# Haloween 2010



## Munster56 (Jun 4, 2009)

well another halloween has come and gone by but plans are already being made for next year! We are proud to present our new character oogie boogie for the night before christmas themed display at our house this year(and every year). Our "show" lasts about 17 minutes and includes the songs this is hallloween, jacks lament , oogie boogies song and part of finale/reprise among various movie dialog and narration from the haunted mansion holiday. THe characters included in the display are three talking pumpkins, Jack, santa, and oogie boogie.

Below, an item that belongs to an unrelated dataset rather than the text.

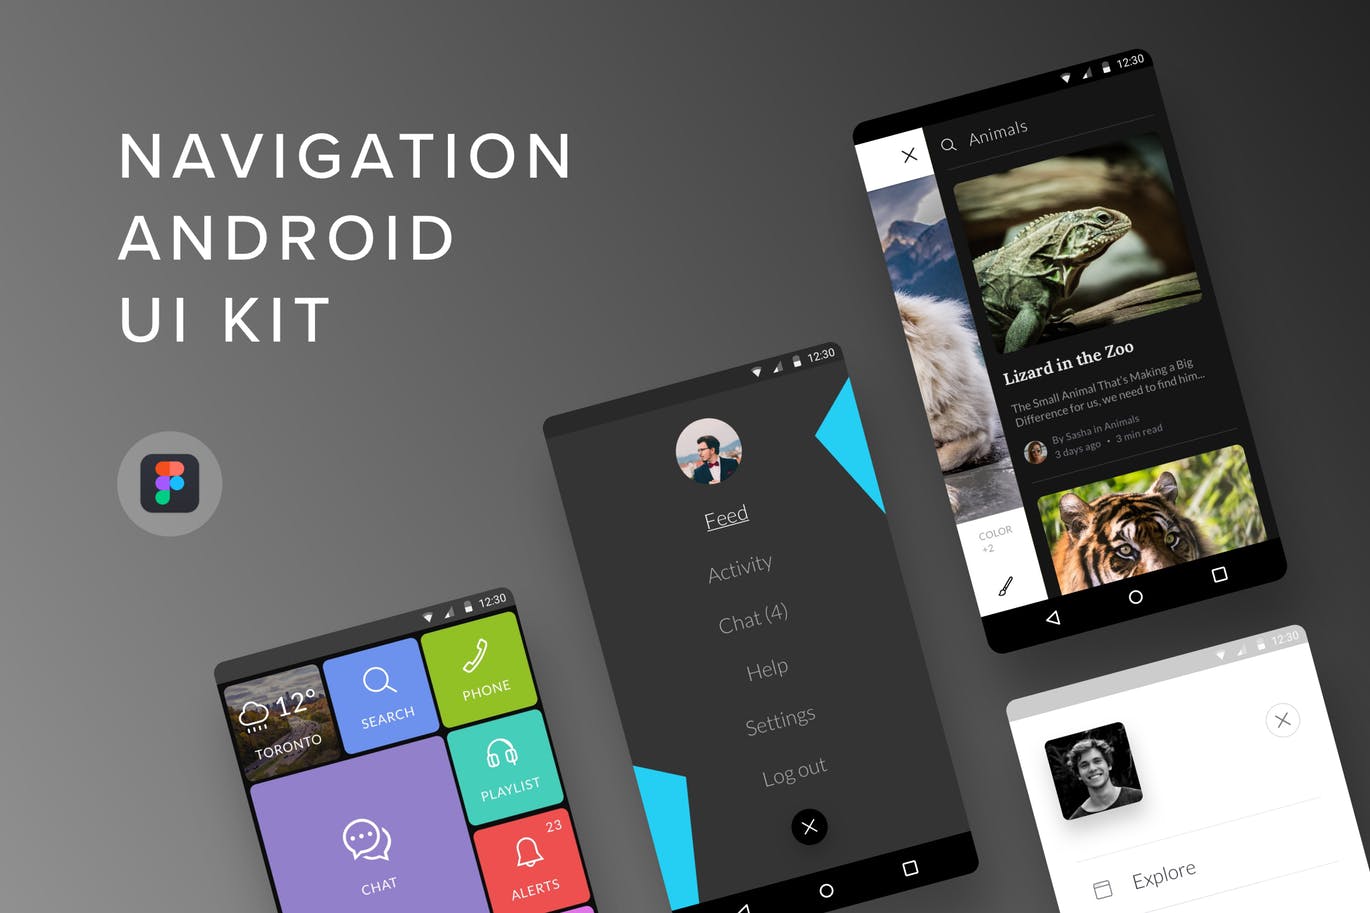 Android平台APP应用导航菜单设计Figma模板 Navigation Android UI Kit (Figma)插图

The video below is mainly focused around oogie boogie but there is pictures I put in that show other parts of our display.

Hope you like it!


----------



## debbie5 (Mar 2, 2007)

HOW!!??

I bow down before greatness...


----------



## RoxyBlue (Oct 6, 2008)

Can't go wrong with "Nightmare"

Very impressive Oogie!


----------



## Munster56 (Jun 4, 2009)

thank you! oogie is pretty good for being made in two months! and yes nightmare is always a good theme.


----------



## Dixie (Feb 18, 2009)

That is just greatness!! I can't even imagine how insanely popular that was - being so mainstream, its just fabulous!! Very well done!


----------



## ScreamingScarecrow (Oct 1, 2008)

Bang on!!! That was super cool!!!


----------



## Jaybo (Mar 2, 2009)

Wow. Just wow. WOW!

You are going to have all of the tech heads around here flippin' out!


----------



## Zurgh (Dec 21, 2009)

That is one awesome Oogie Boogie!


----------



## IMU (Apr 8, 2009)

WOW ... AWESOME ... YEAH, what else is left to say?


----------



## beelce (Jul 21, 2007)

Way Cool


----------



## Spooky1 (Aug 25, 2008)

Oogie Boogie looks wonderful. So is Sally next?


----------



## Munster56 (Jun 4, 2009)

In future but probably not next year. We are focusing on refining the show and to upgrading santa and jack to some newer technologies. I have though make a foam latex mask for her


----------